I get what you mean, but Christ needed to be crucified, buried, resurrected, and ascended back to the Father in heaven in order to initiate the new testament or the new covenant.
Heb 9:11
But Christ being come an high priest of good things to come, by a greater and more perfect tabernacle, not made with hands, that is to say, not of this building;
Heb 9:12
Neither by the blood of goats and calves, but by his own blood he entered in once into the holy place, having obtained eternal redemption for us.
Heb 9:13
For if the blood of bulls and of goats, and the ashes of an heifer sprinkling the unclean, sanctifieth to the purifying of the flesh:
Heb 9:14
How much more shall the blood of Christ, who through the eternal Spirit offered himself without spot to God, purge your conscience from dead works to serve the living God?
Heb 9:15
And for this cause he is the mediator of the new testament, that by means of death, for the redemption of the transgressions that were under the first testament, they which are called might receive the promise of eternal inheritance.
Heb 9:16
For where a testament is, there must also of necessity be the death of the testator.
Heb 9:17
For a testament is of force after men are dead: otherwise it is of no strength at all while the testator liveth.

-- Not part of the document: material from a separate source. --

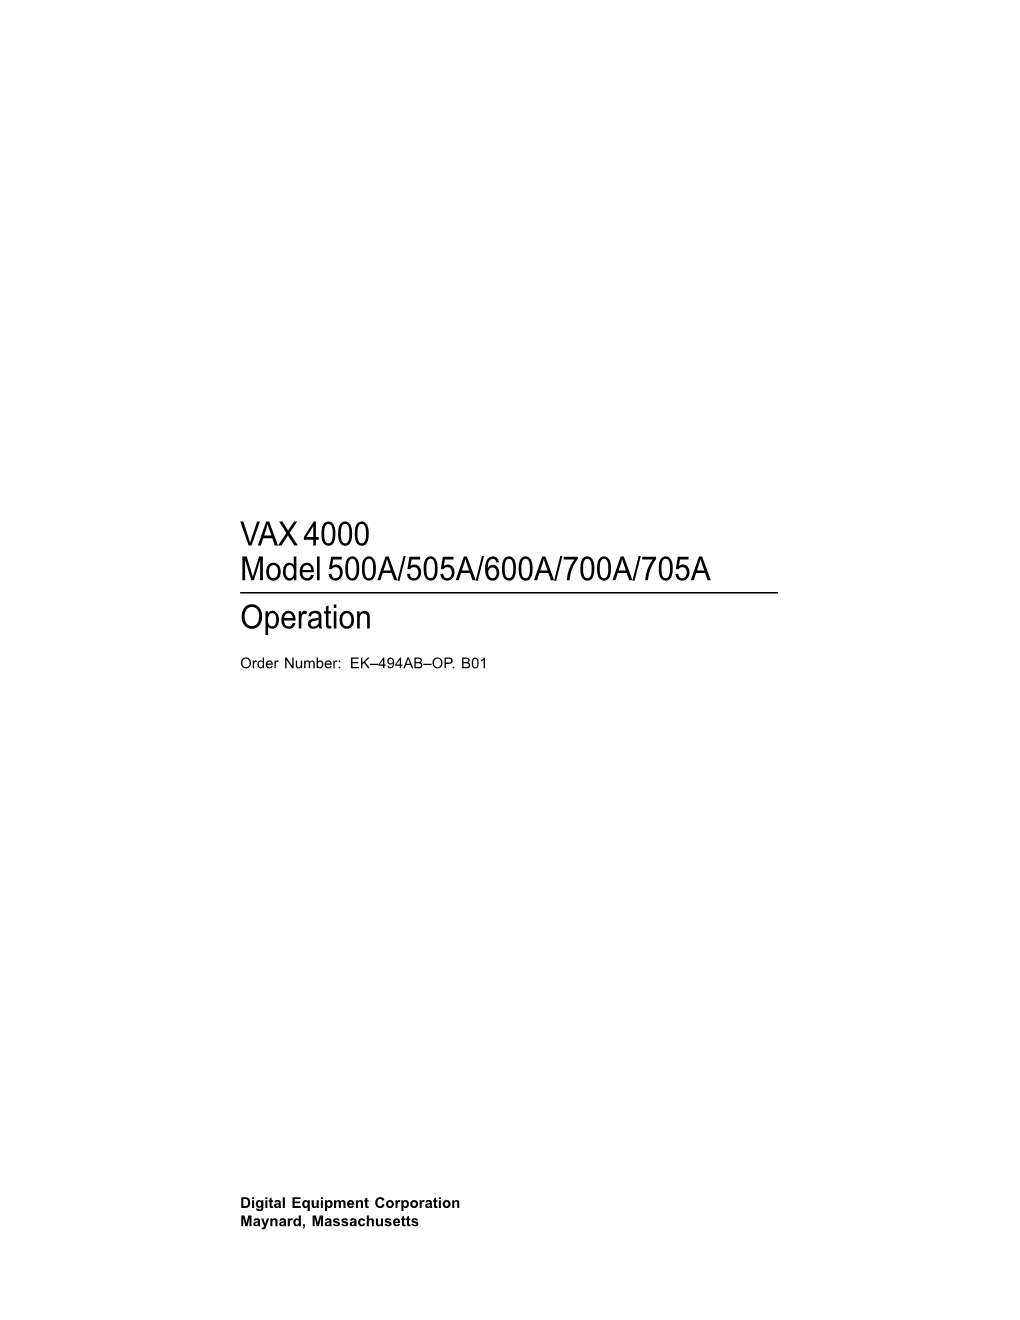 VAX 4000 Model 500A/505A/600A/700A/705A Operation
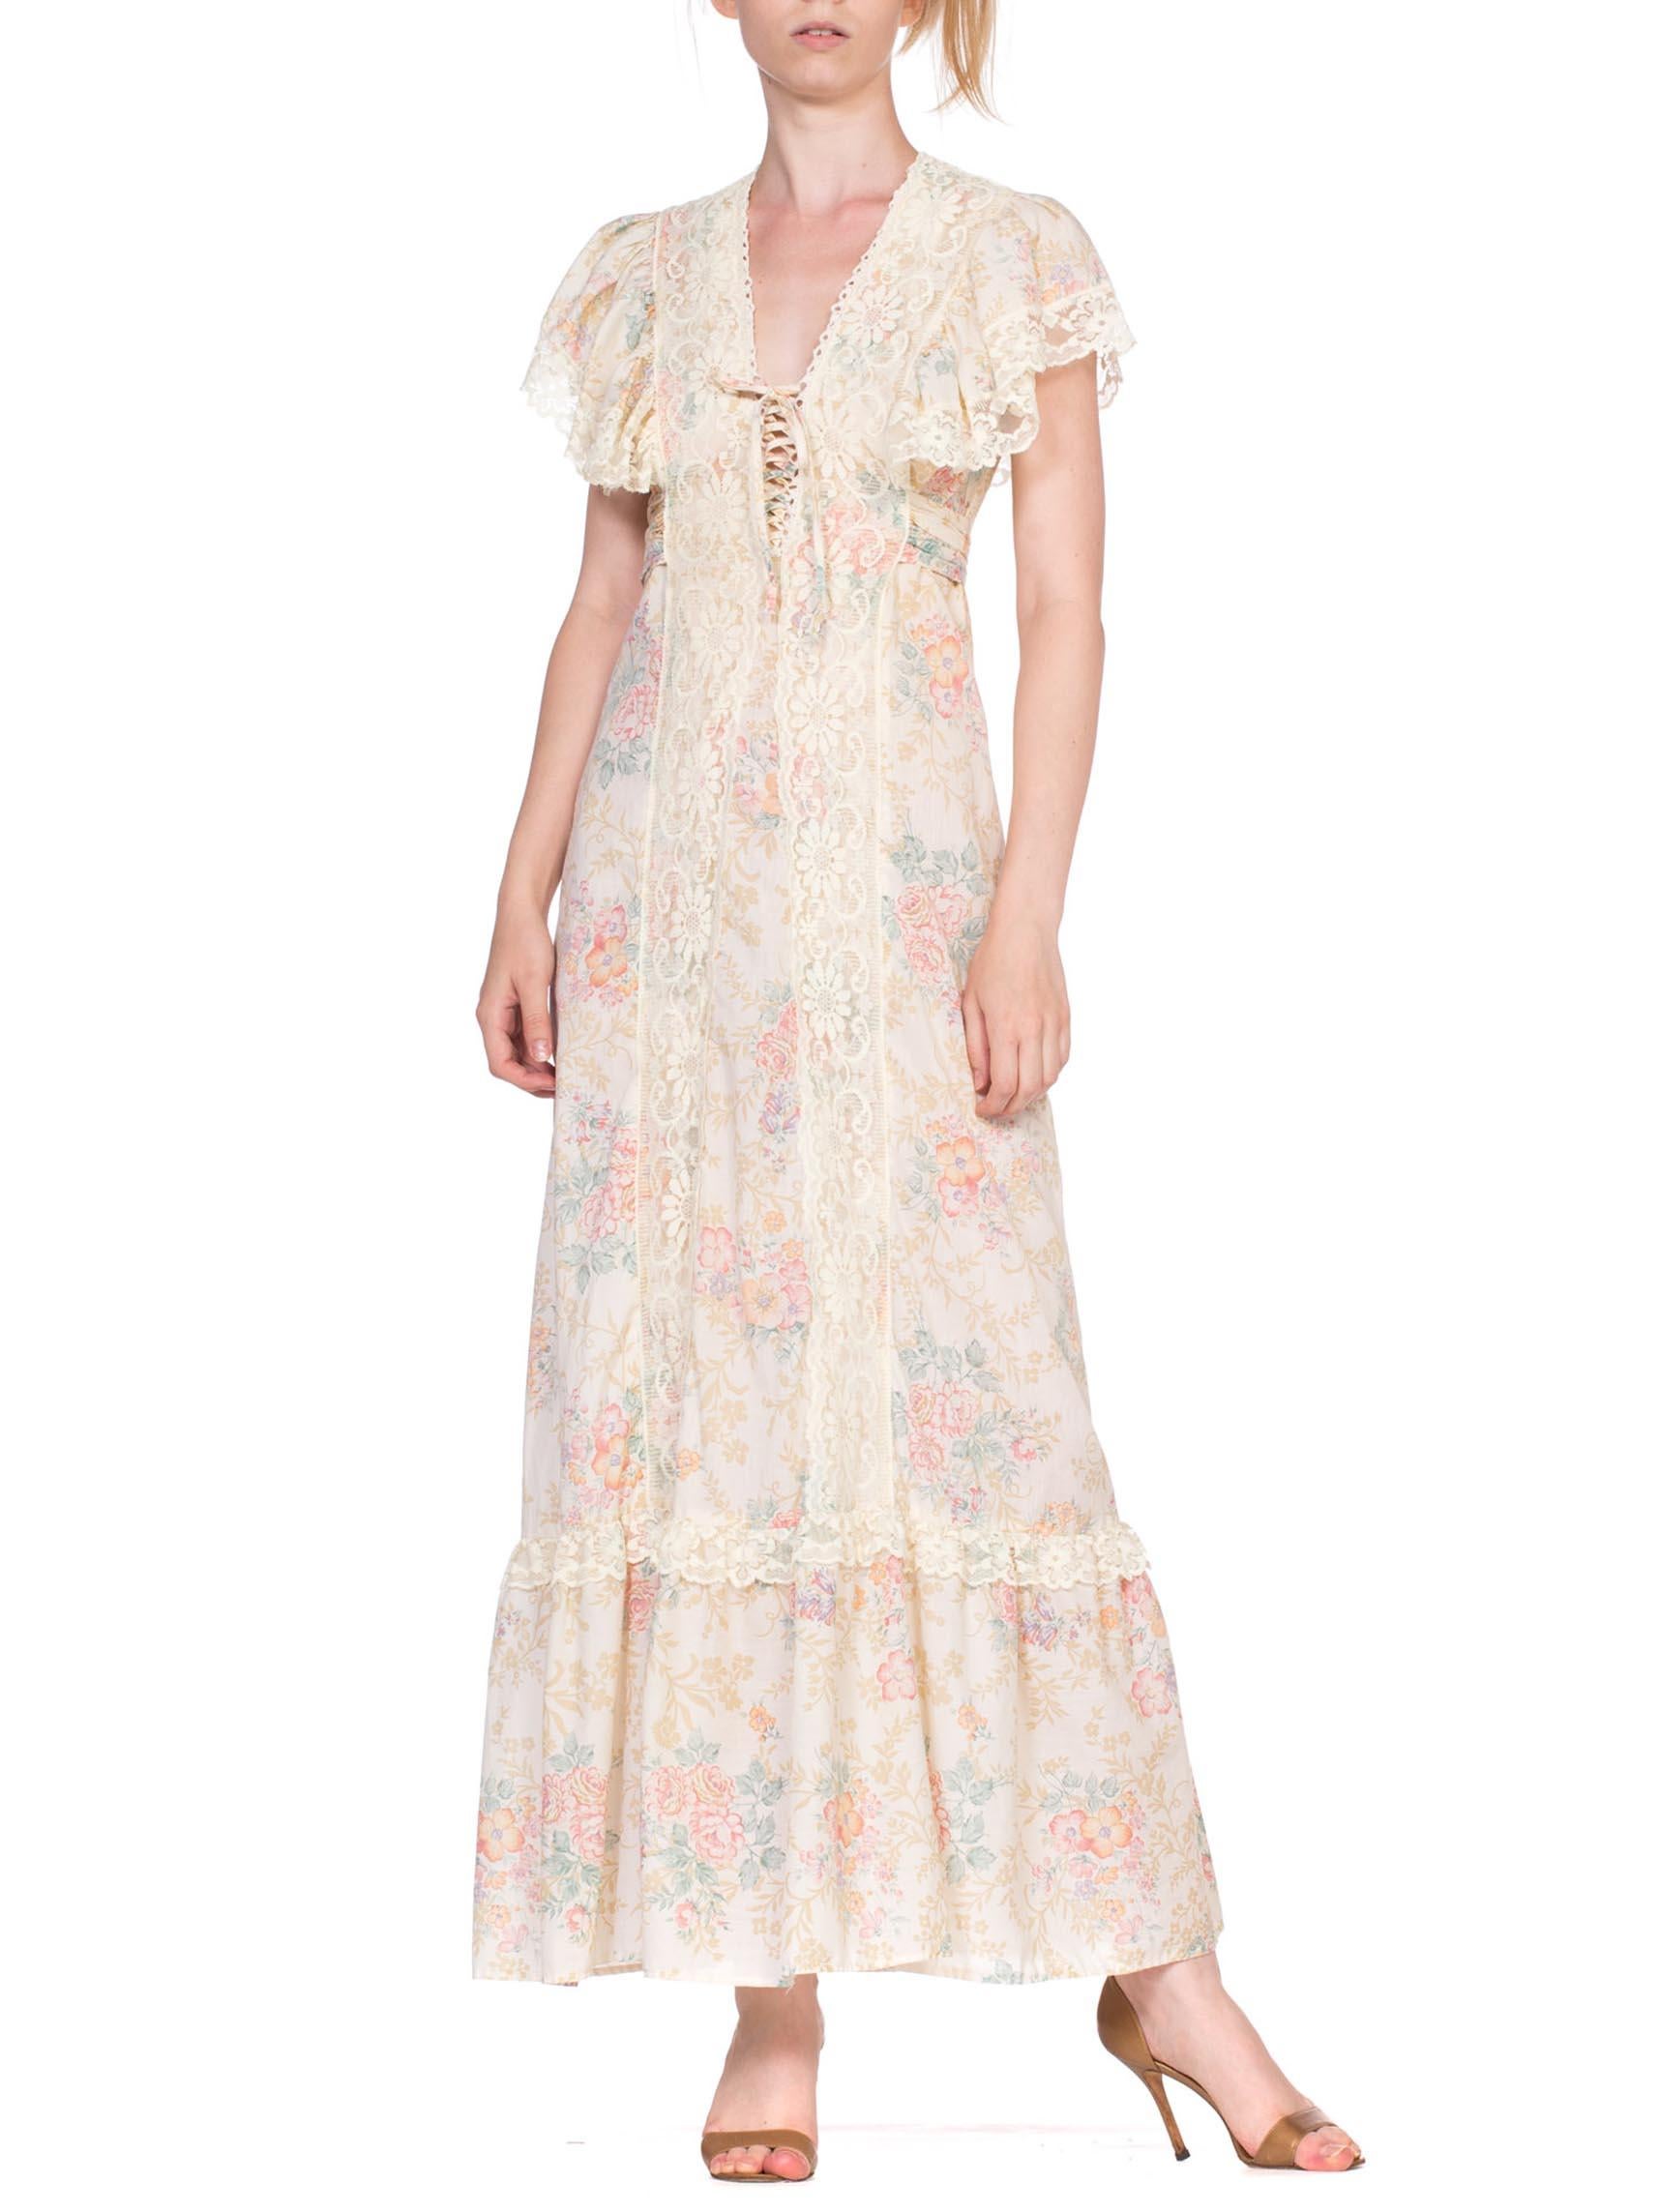 1970's Victorian Floral Cotton & Lace Dress 1

A testament goes into effect or is of force after men are dead, and it is of no strength at all while the testator is yet alive. It is by means of death, for the redemption of the transgressions that were under the first testament or the old testament, that we which are called can receive the promise of eternal inheritance. Christ not only needed to die and be resurrected, but he also needed to enter into the true holy place in heaven by his own blood in order to obtain redemption for us, and he did this when he ascended back to the Father in heaven. There is no remission of sins without the shedding of blood.
Heb 9:22
And almost all things are by the law purged with blood; and
without shedding of blood is no remission.
The blood that redeems us was shed on the cross, and not in the garden of Gethsemane.
Col 1:20
And,
having made peace through the blood of his cross, by him to reconcile all things unto himself; by him,
I say, whether
they be things in earth, or things in heaven.
Col 1:21
And you, that were sometime alienated and enemies in
your mind by wicked works, yet now
hath he reconciled
Col 1:22
In the body of his flesh through death, to present you holy and unblameable and unreproveable in his sight:
Furthermore, it was not until the time of Christ's glorification that he was "appointed heir of all things" (Heb. 1:2), so none of us could possibly become "joint-heirs with Christ" (Rom. 8:17) without this aspect of Christ's redemptive work.
Under the old testament, the saints who looked forward to this complete redemptive work of Christ by faith had righteousness imputed unto them. Whereas they looked forward to it by faith, under the new testament, we look back upon it by faith.